AMP-resistant mutants are less susceptible to human defensins. (a) Susceptibility to the human α-defensins was determined by calculating percentage bacterial survival following 2 h of exposure to 10 μM peptide. Susceptibility to the human β-defensins (b) hBD1, (c) hBD2, (d) hBD3 and (e) hBD4 was determined as for α-defensins with 10 μM (hBD1, hBD2, hBD4) or 1 μM (hBD3) peptide concentrations. Limit of detection of the assay was 1% survival. Values given are the mean ± SEM derived from at least three independent determinations.
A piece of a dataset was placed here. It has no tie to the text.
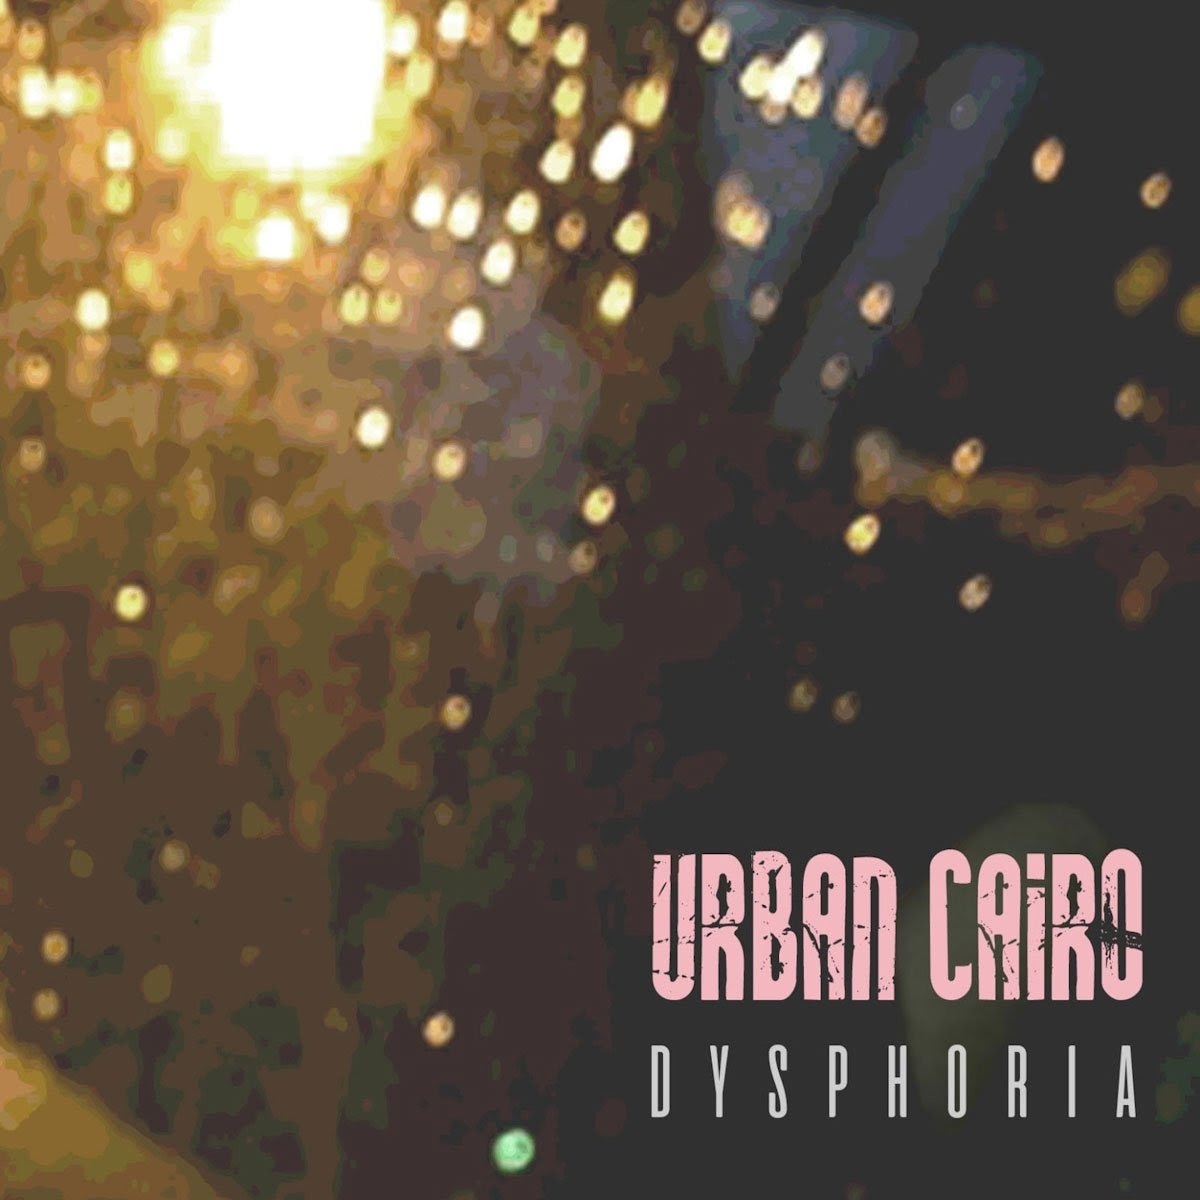 URBAN CAIRO: dal 28 giugno disponibile in radio e in digitale “DYSPHORIA” il nuovo singolo

Statistical significance relative to WT was determined by performing one-way ANOVA with Fisher's least significant difference test used for post hoc analysis on log-transformed data (***P < 0.001, **P < 0.01 or *P < 0.05).

Figure 5.

Possible consequences of clinical AMP usage. Widespread clinical use of host-derived AMPs to treat MDR S. aureus may cause a vicious cycle further limiting treatment options. Continuous exposure to host-derived AMPs results in a stable AMP-resistant phenotype with reduced susceptibility to human defence peptides allowing for enhanced colonization of humans. Persistently colonized individuals are more susceptible to invasive S. aureus infections, which require antibiotic treatment. However, AMP-resistant S. aureus is associated with decreased susceptibility to antibiotics thereby increasing the use of last resort drugs. Enhanced exposure to these antibiotics will increase pressure for the evolution of bacterial resistance yielding highly drug-resistant pathogens.